» **What is needed**
Write out the listing verbatim. No pictures belong in it.
START Data below
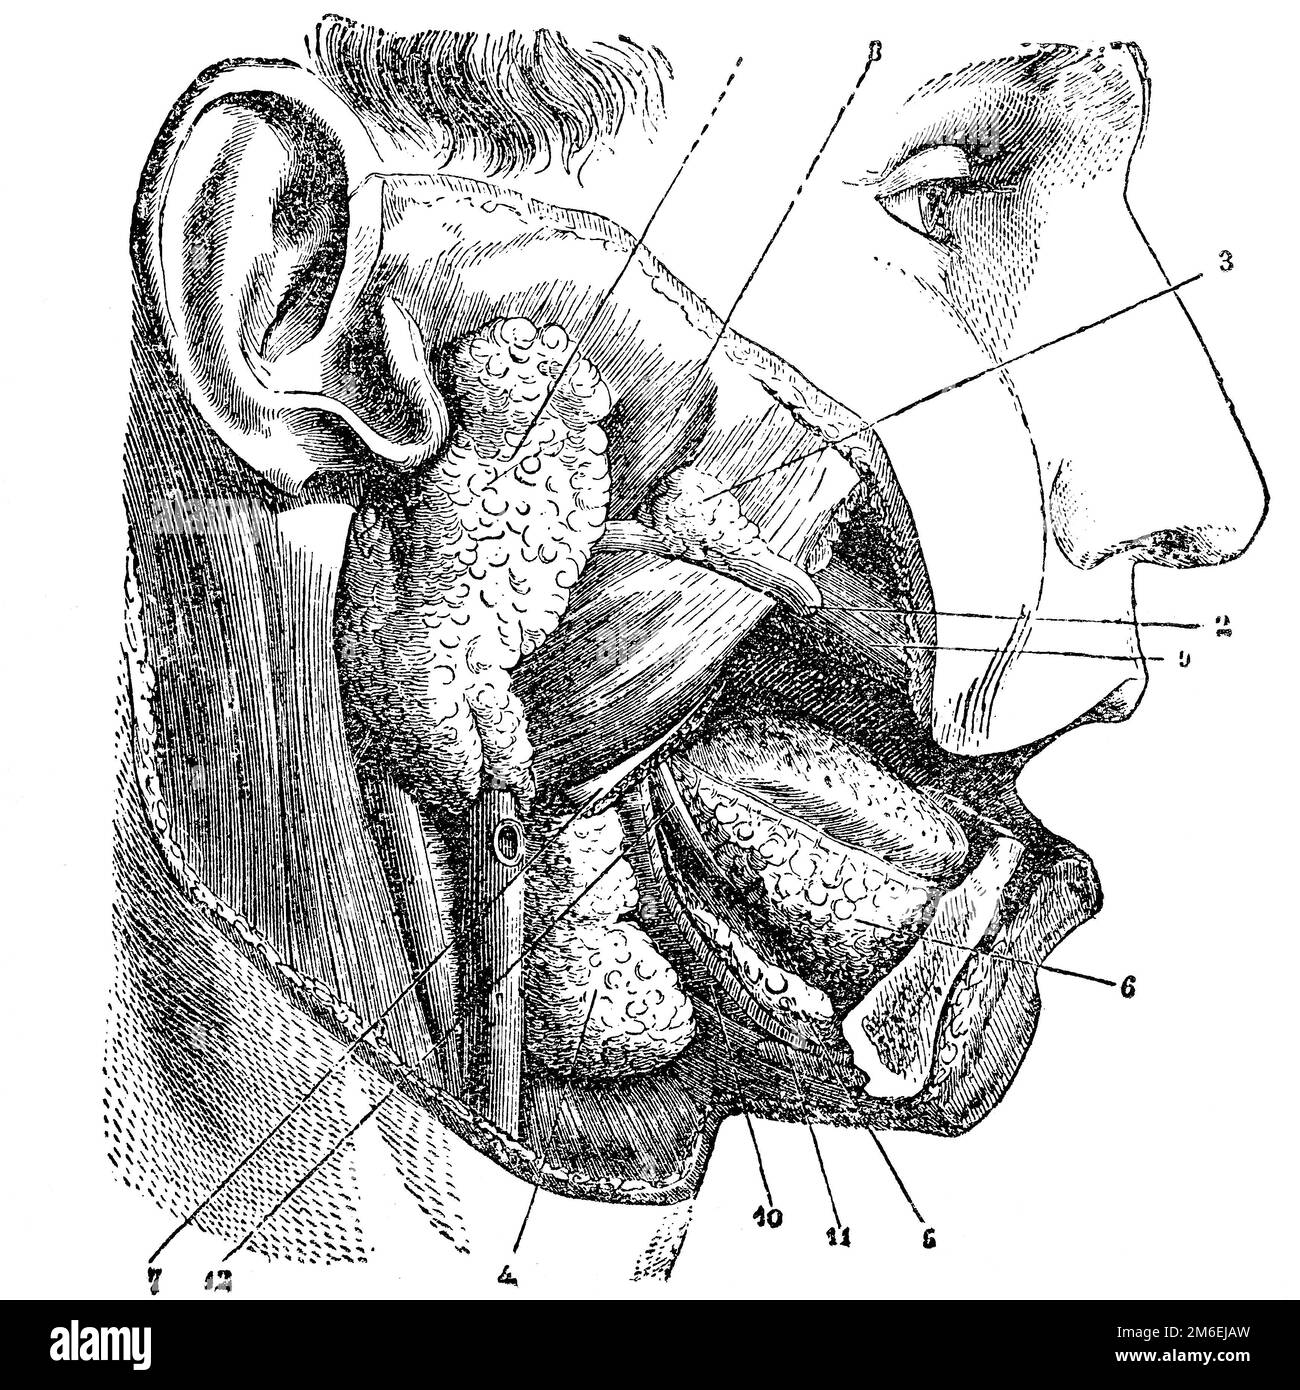 Oral cavity and salivary glands. Antique illustration from a medical book. 1889. Stock Photo
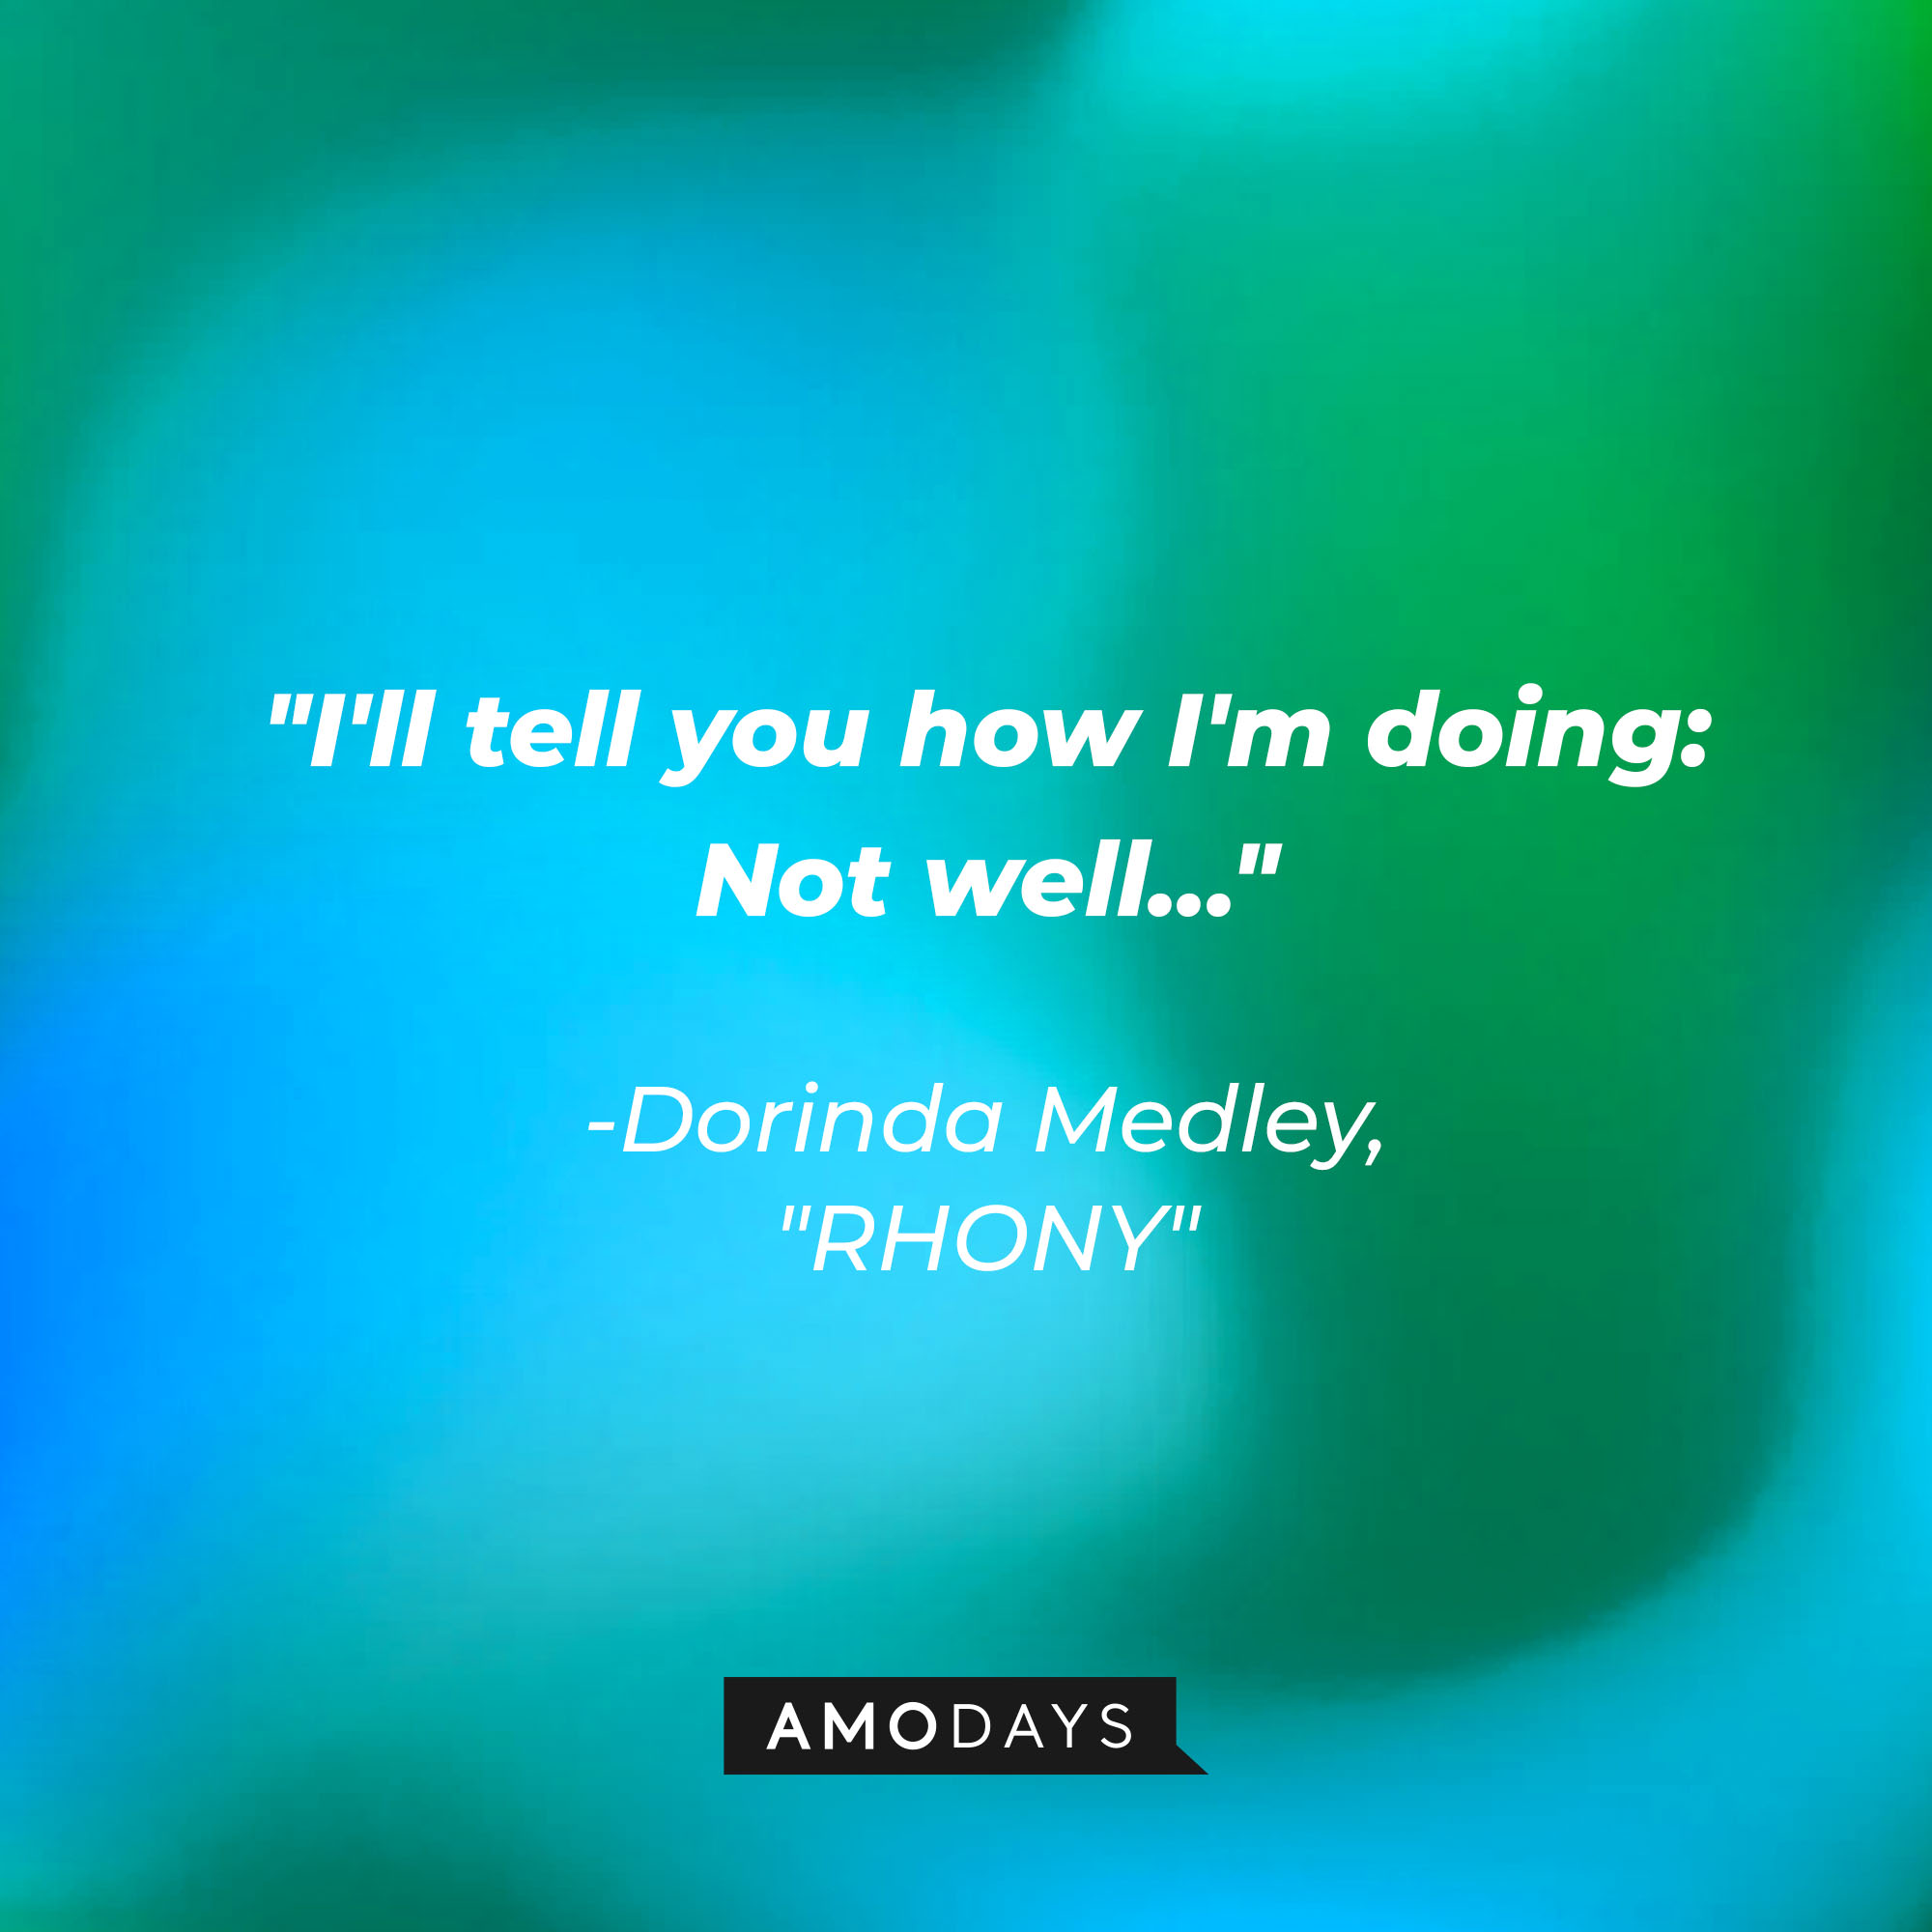 Dorinda Medley's quote: "I'll tell you how I'm doing: Not well..." | Source: Amodays
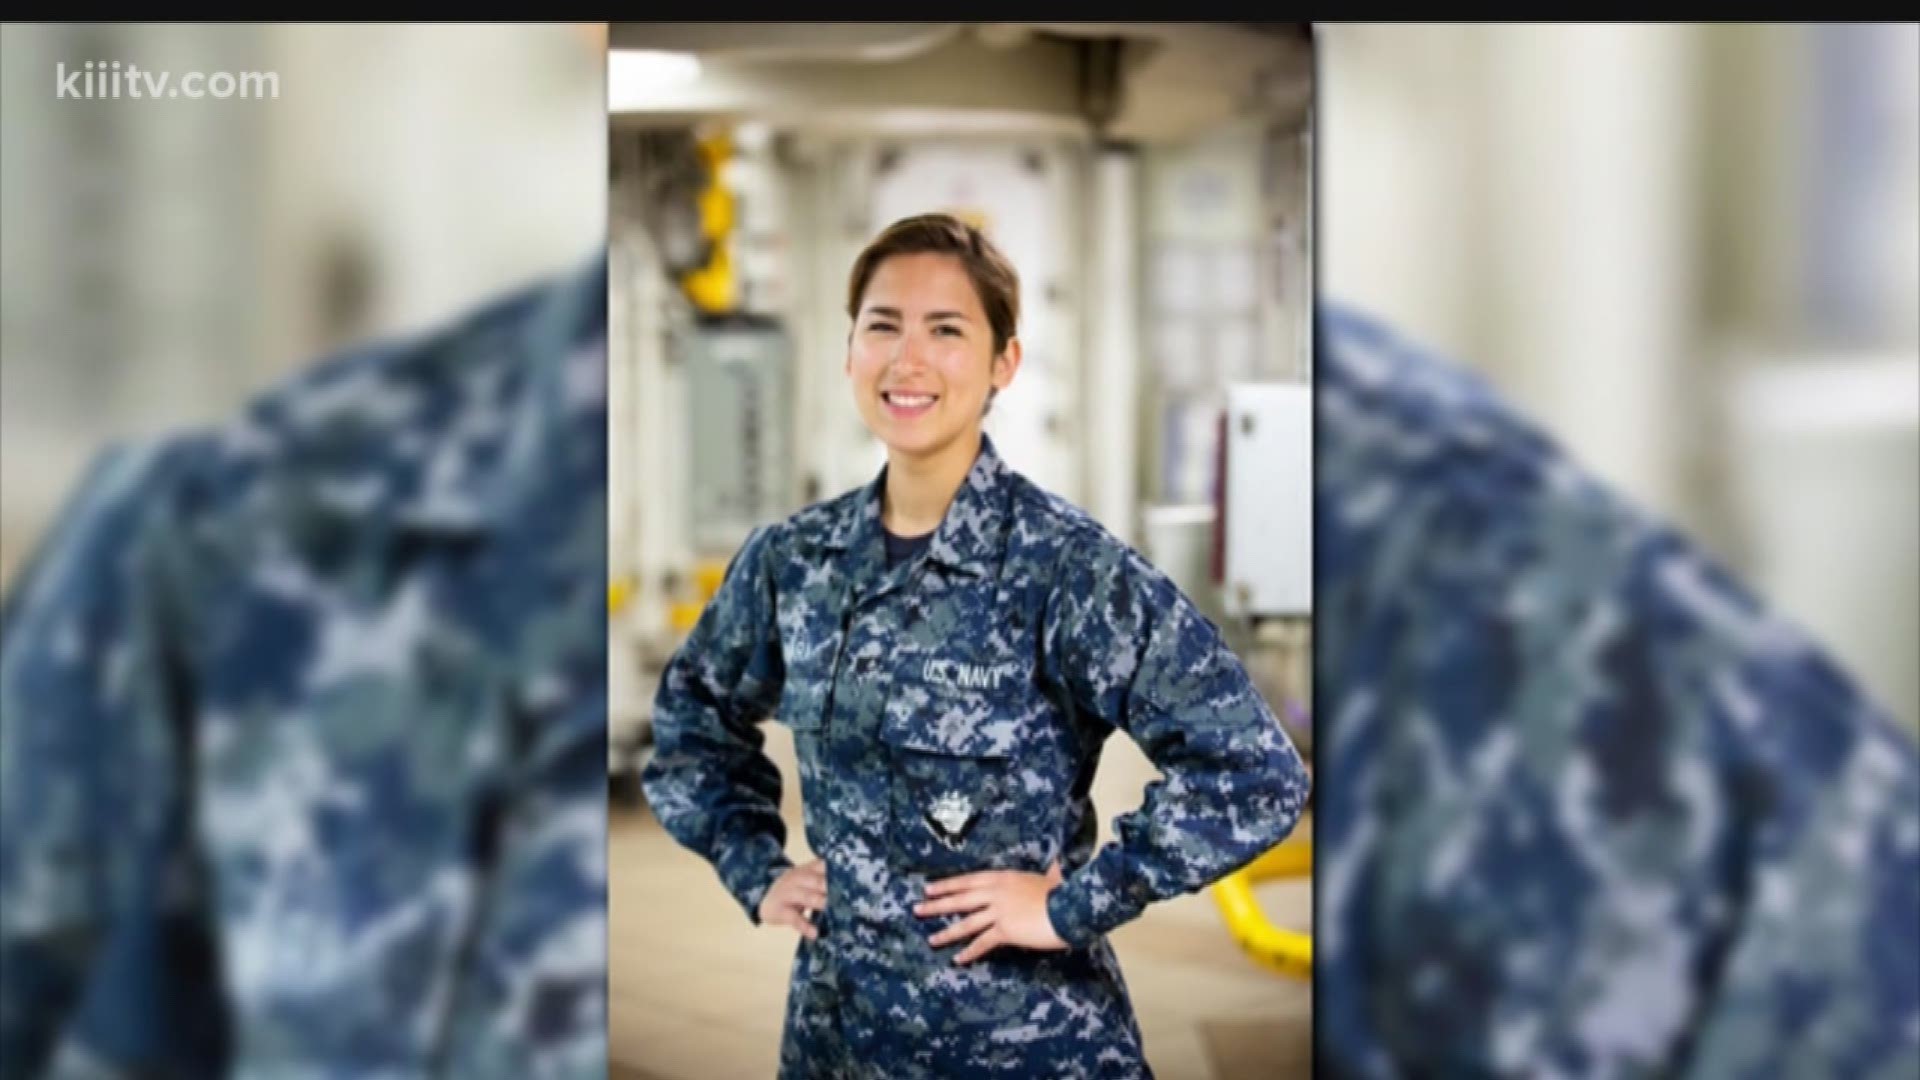 Seaman Eleanor Vara is a mass communication specialist aboard USS Carl Vinson, currently operating out of San Diego.
END Data below
» **Answer box**
 Oral cavity and salivary glands. Antique illustration from a medical book. 1889. Stock Photo
 Dorinda Medley's quote: "I'll tell you how I'm doing: Not well..." | Source: Amodays
 Seaman Eleanor Vara is a mass communication specialist aboard USS Carl Vinson, currently operating out of San Diego.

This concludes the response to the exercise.